How many lines of the listing below contain "shoulder"? State the number alone.

------ DATA RECORDS ------

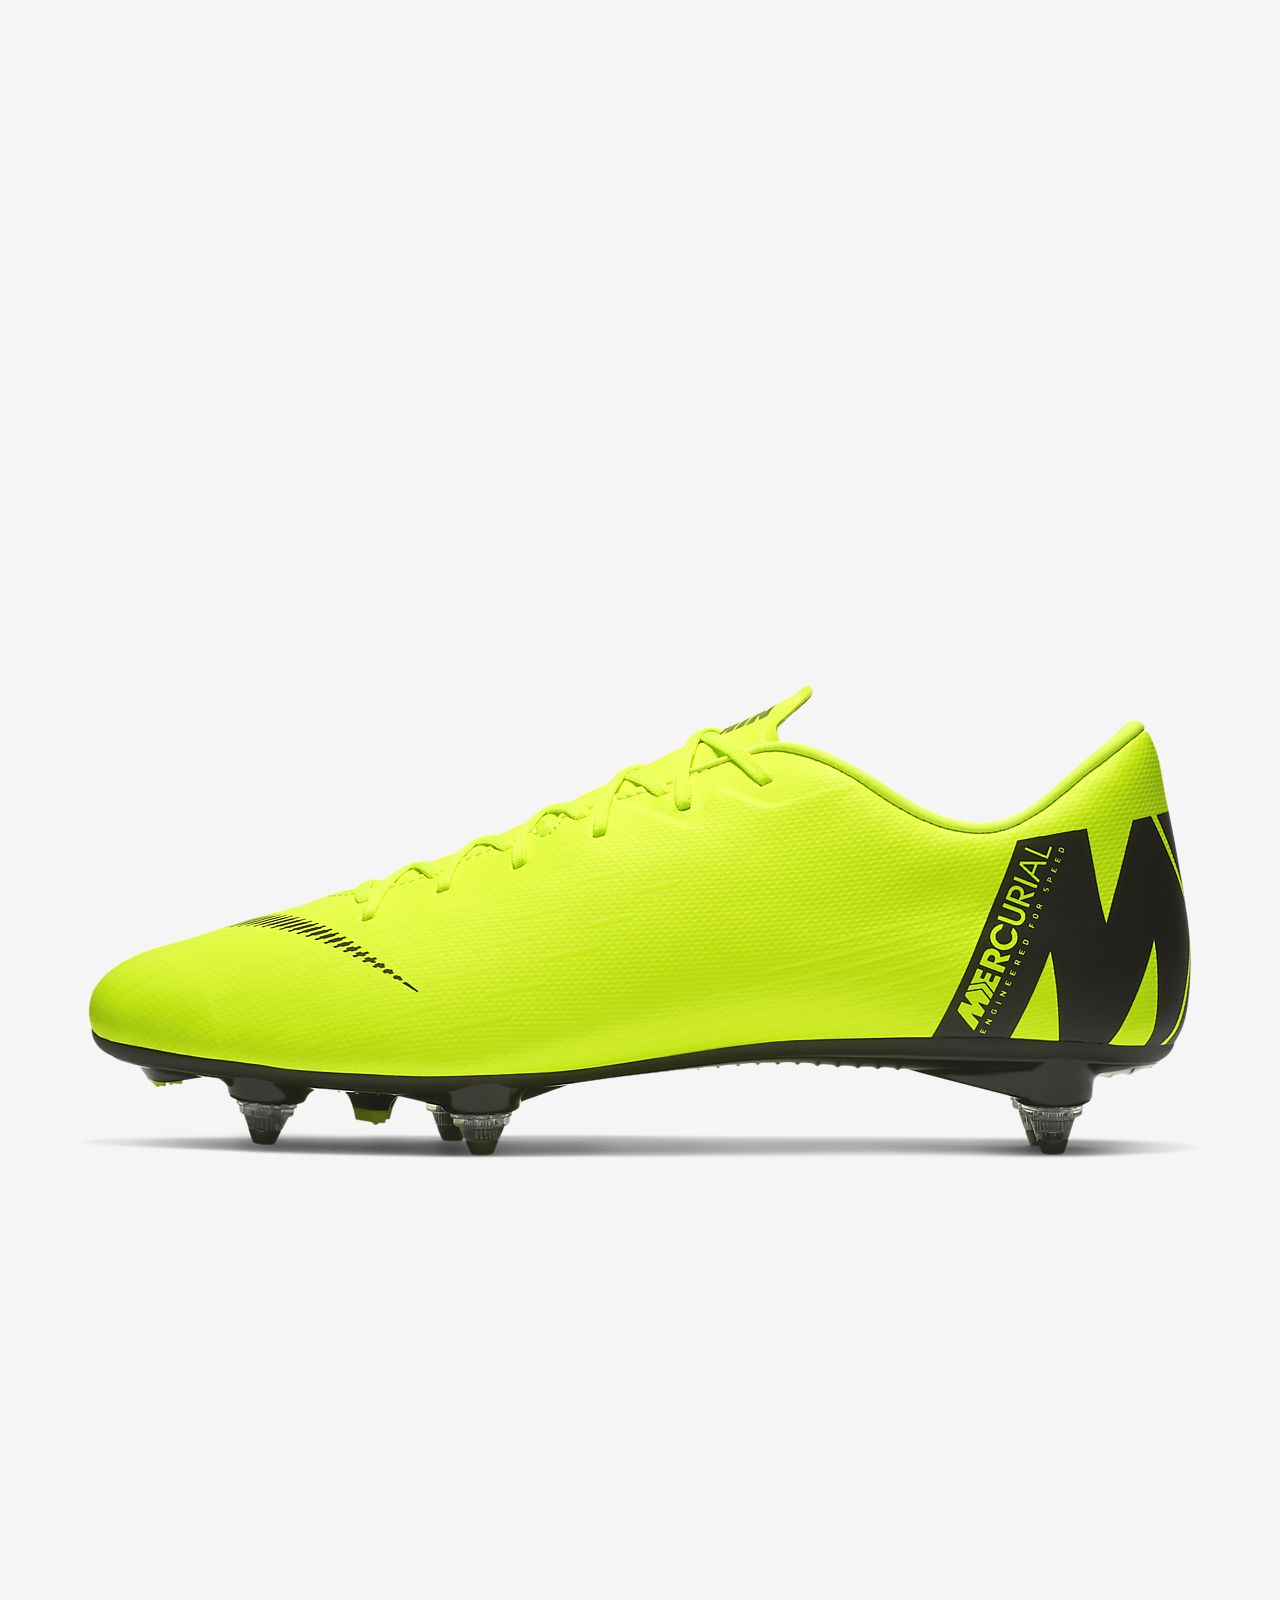 Nike Mercurial Vapor XII Elite FG Firm Ground Cleats Silver
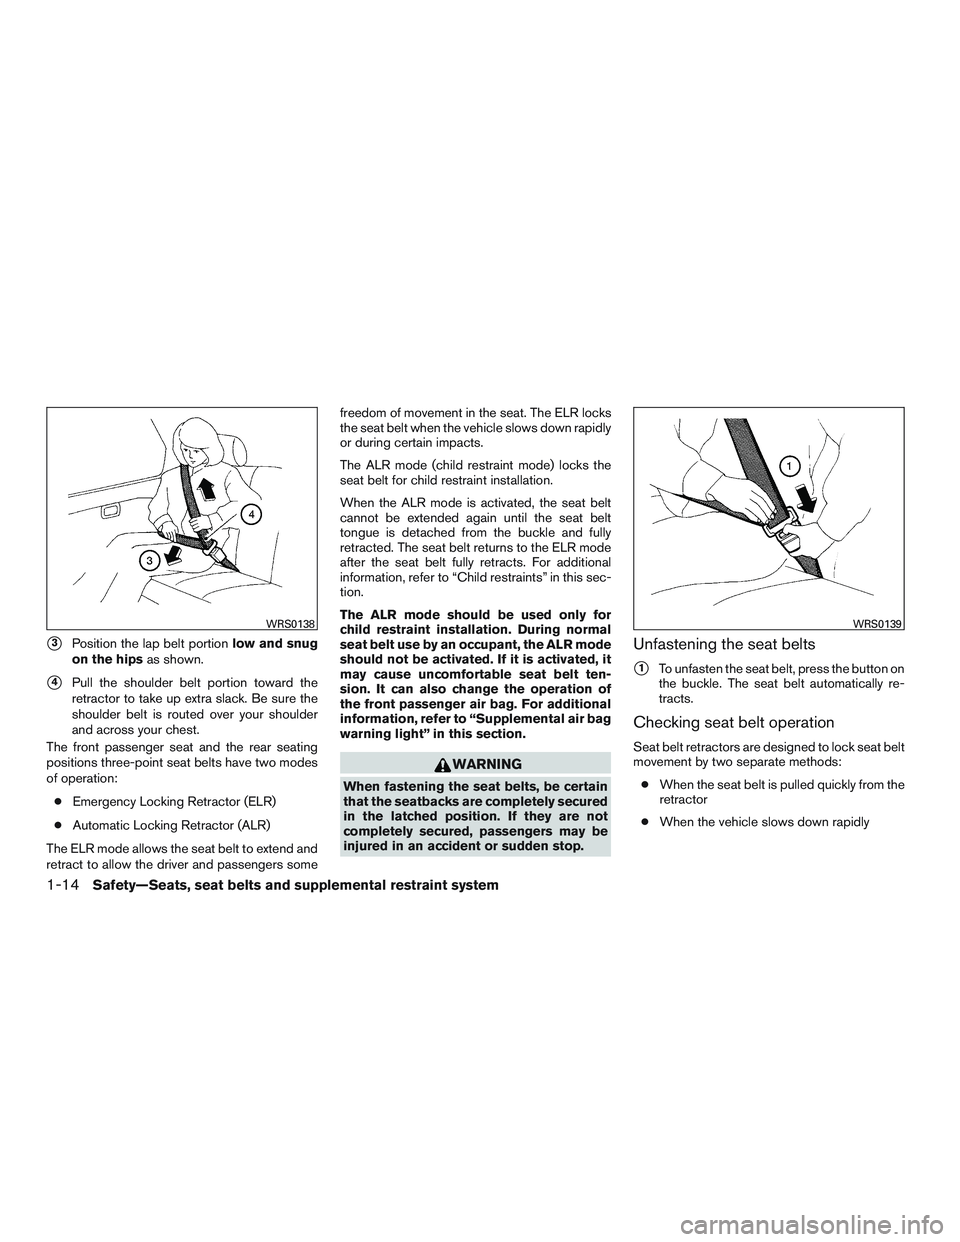 NISSAN MICRA 2010  Owners Manual 3Position the lap belt portionlow and snug
on the hips as shown.
4Pull the shoulder belt portion toward the
retractor to take up extra slack. Be sure the
shoulder belt is routed over your shoulder
a

------

EXERCISE RESULT
2